问题
I have a dataframe with monthly financial data:
In [89]: vfiax_monthly.head()
Out[89]:
year month day d open close high low volume aclose
2003-01-31 2003 1 31 731246 64.95 64.95 64.95 64.95 0 64.95
2003-02-28 2003 2 28 731274 63.98 63.98 63.98 63.98 0 63.98
2003-03-31 2003 3 31 731305 64.59 64.59 64.59 64.59 0 64.59
2003-04-30 2003 4 30 731335 69.93 69.93 69.93 69.93 0 69.93
2003-05-30 2003 5 30 731365 73.61 73.61 73.61 73.61 0 73.61
I'm trying to calculate the returns like that:
In [90]: returns = (vfiax_monthly.open[1:] - vfiax_monthly.open[:-1])/vfiax_monthly.open[1:]
But I'm getting only zeroes:
In [91]: returns.head()
Out[91]:
2003-01-31 NaN
2003-02-28 0
2003-03-31 0
2003-04-30 0
2003-05-30 0
Freq: BM, Name: open
I think that's because the arithmetic operations get aligned on the index and that makes the [1:]
and [:-1]
useless.
My workaround is:
In [103]: returns = (vfiax_monthly.open[1:].values - vfiax_monthly.open[:-1].values)/vfiax_monthly.open[1:].values
In [104]: returns = pd.Series(returns, index=vfiax_monthly.index[1:])
In [105]: returns.head()
Out[105]:
2003-02-28 -0.015161
2003-03-31 0.009444
2003-04-30 0.076362
2003-05-30 0.049993
2003-06-30 0.012477
Freq: BM
Is there a better way to calculate the returns? I don't like the conversion to array and then back to Series.
回答1:
Instead of slicing, use .shift
to move the index position of values in a DataFrame/Series. For example:
returns = (vfiax_monthly.open - vfiax_monthly.open.shift(1))/vfiax_monthly.open.shift(1)
This is what pct_change
is doing under the bonnet.

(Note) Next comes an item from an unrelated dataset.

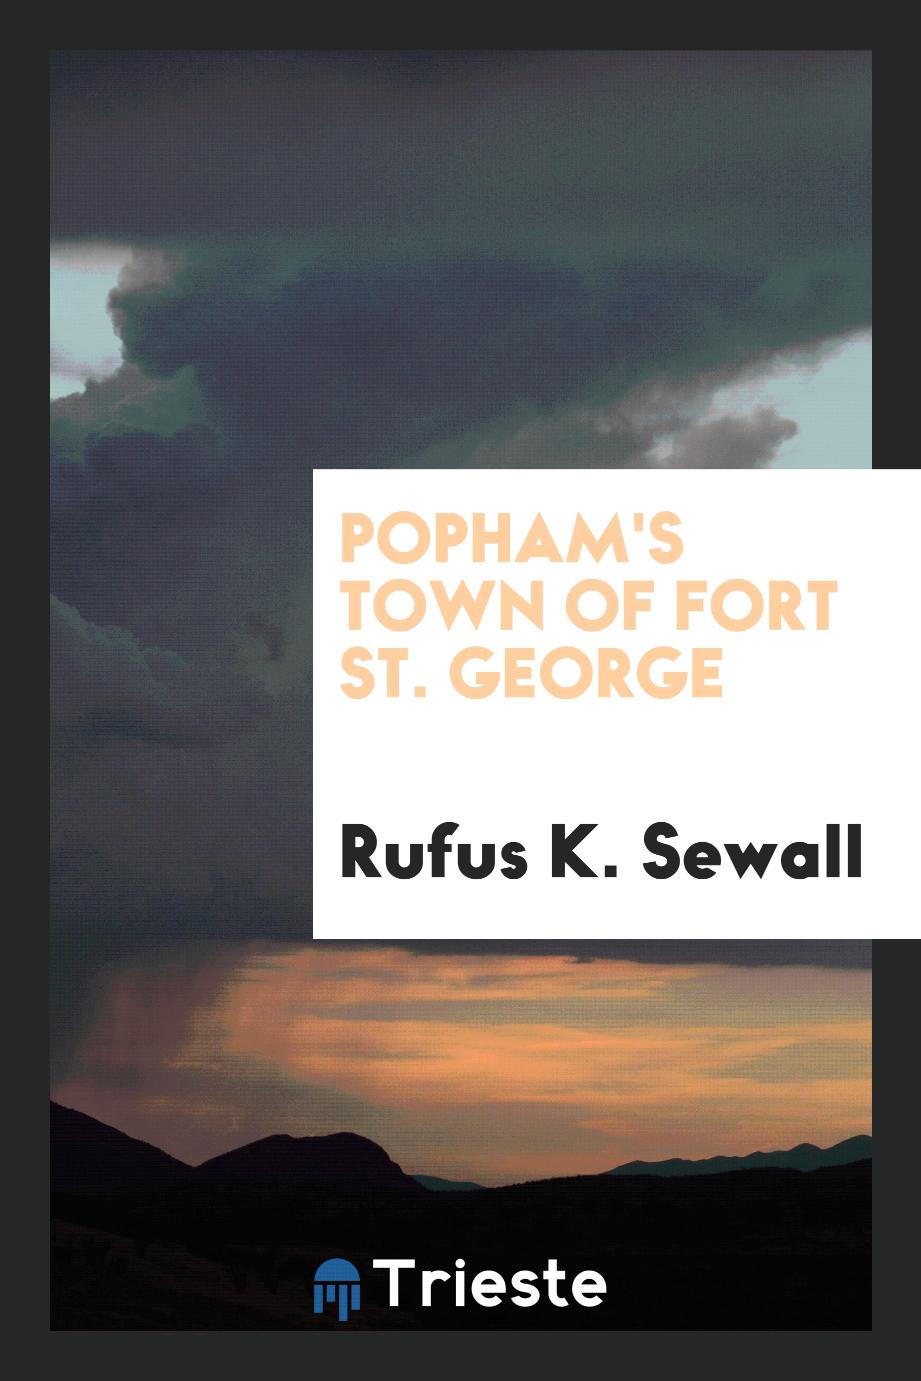 Popham's Town of Fort St. George
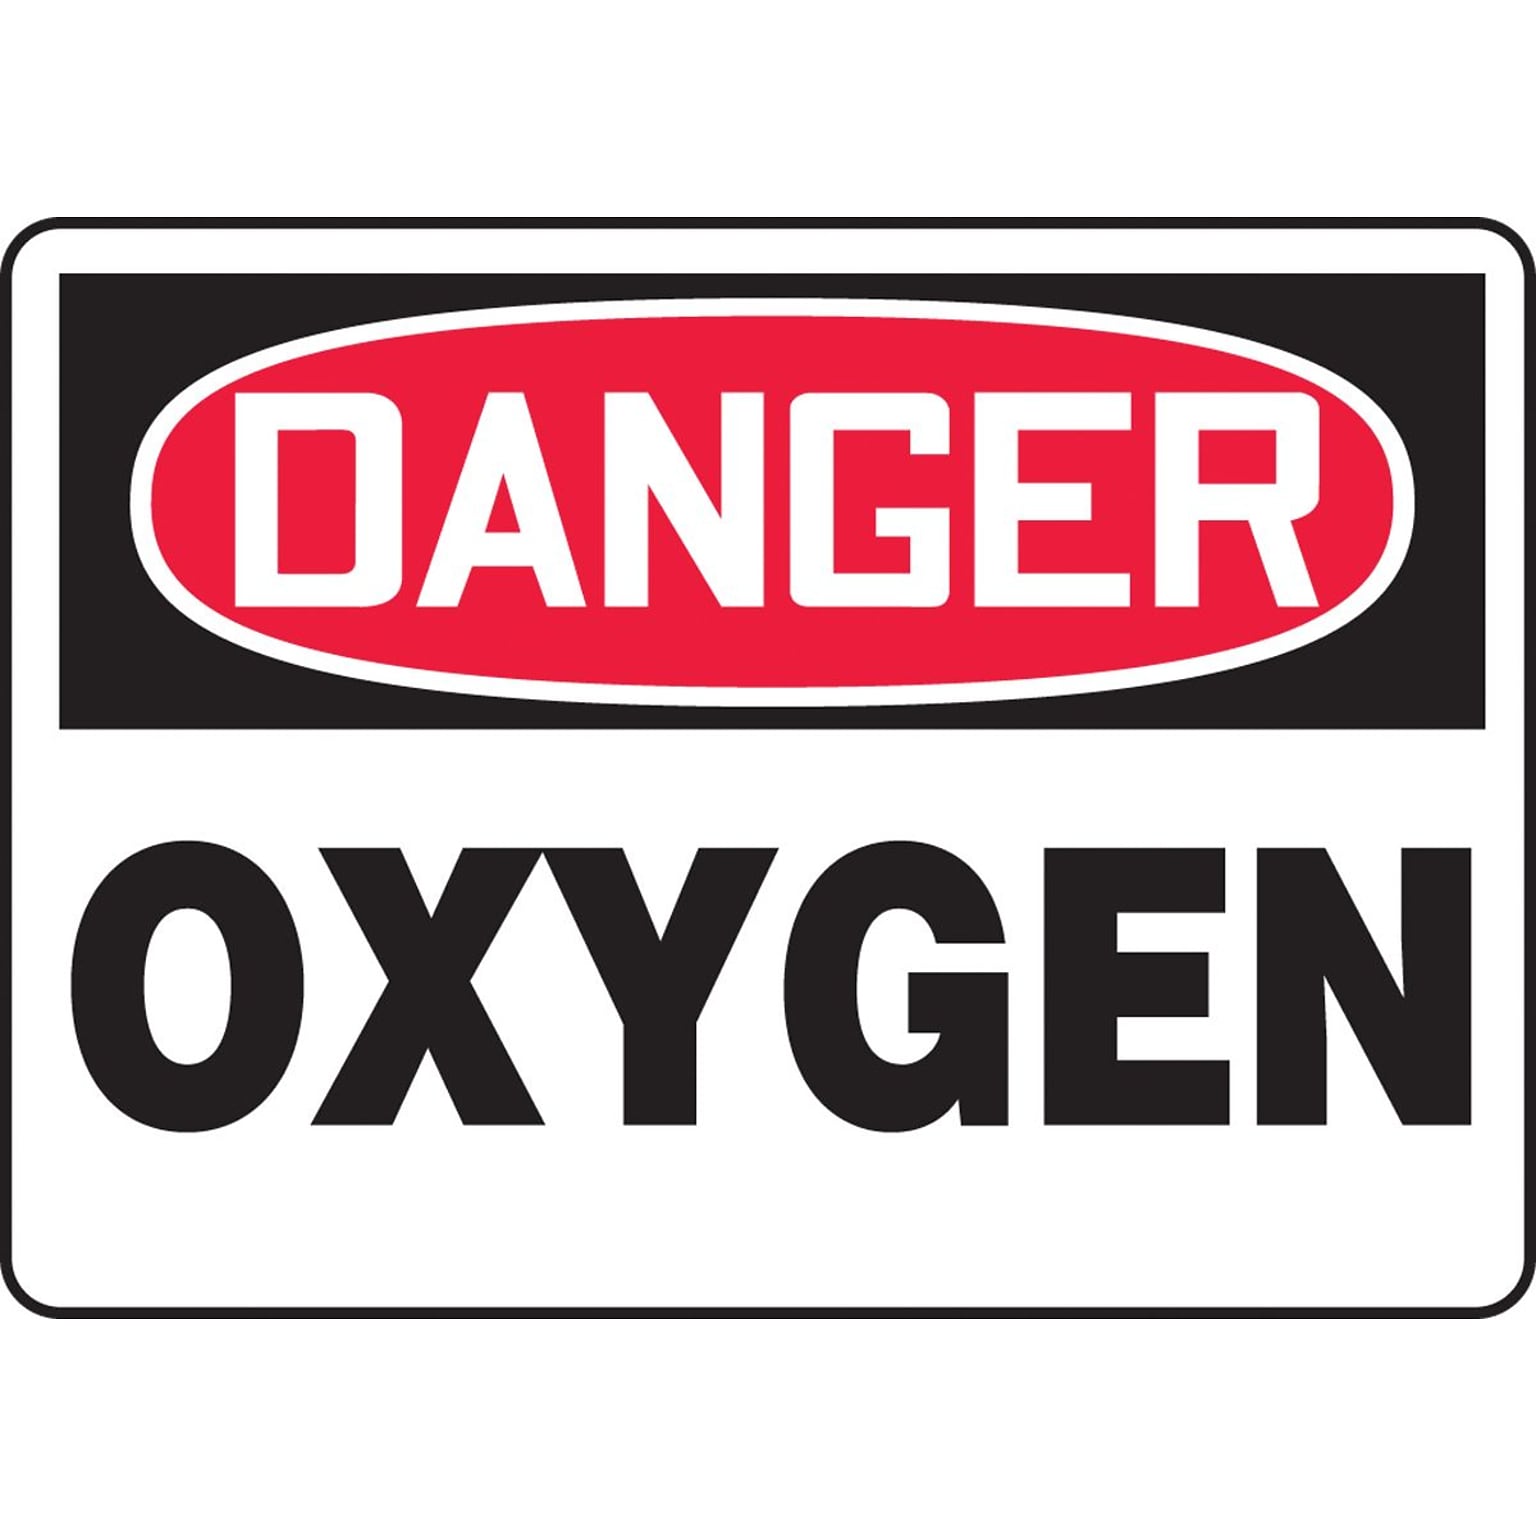 Accuform 7 x 10 Adhesive Vinyl Safety Sign DANGER OXYGEN, Red/Black On White (MCHL168VS)

You can also use it for other functions e.g.:
(3*vfiax_monthly.open + 2*vfiax_monthly.open.shift(1))/5
You might also want to looking into the rolling and window functions for other types of analysis of financial data.
回答2:
The easiest way to do this is to use the DataFrame.pct_change() method.
Here is a quick example
In[1]: aapl = get_data_yahoo('aapl', start='11/1/2012', end='11/13/2012')
In[2]: appl
Out[2]:
Open High Low Close Volume Adj Close
Date
2012-11-01 598.22 603.00 594.17 596.54 12903500 593.83
2012-11-02 595.89 596.95 574.75 576.80 21406200 574.18
2012-11-05 583.52 587.77 577.60 584.62 18897700 581.96
2012-11-06 590.23 590.74 580.09 582.85 13389900 580.20
2012-11-07 573.84 574.54 555.75 558.00 28344600 558.00
2012-11-08 560.63 562.23 535.29 537.75 37719500 537.75
2012-11-09 540.42 554.88 533.72 547.06 33211200 547.06
2012-11-12 554.15 554.50 538.65 542.83 18421500 542.83
2012-11-13 538.91 550.48 536.36 542.90 19033900 542.90
In[3]: aapl.pct_change()
Out[3]:
Open High Low Close Volume Adj Close
Date
2012-11-01 NaN NaN NaN NaN NaN NaN
2012-11-02 -0.003895 -0.010033 -0.032684 -0.033091 0.658945 -0.033090
2012-11-05 -0.020759 -0.015378 0.004959 0.013558 -0.117186 0.013550
2012-11-06 0.011499 0.005053 0.004311 -0.003028 -0.291453 -0.003024
2012-11-07 -0.027769 -0.027423 -0.041959 -0.042635 1.116864 -0.038263
2012-11-08 -0.023020 -0.021426 -0.036815 -0.036290 0.330747 -0.036290
2012-11-09 -0.036049 -0.013073 -0.002933 0.017313 -0.119522 0.017313
2012-11-12 0.025406 -0.000685 0.009237 -0.007732 -0.445323 -0.007732
2012-11-13 -0.027502 -0.007250 -0.004251 0.000129 0.033244 0.000129
回答3:
The best way to calculate forward looking returns without any chance of bias is to use the built in function pd.DataFrame.pct_change()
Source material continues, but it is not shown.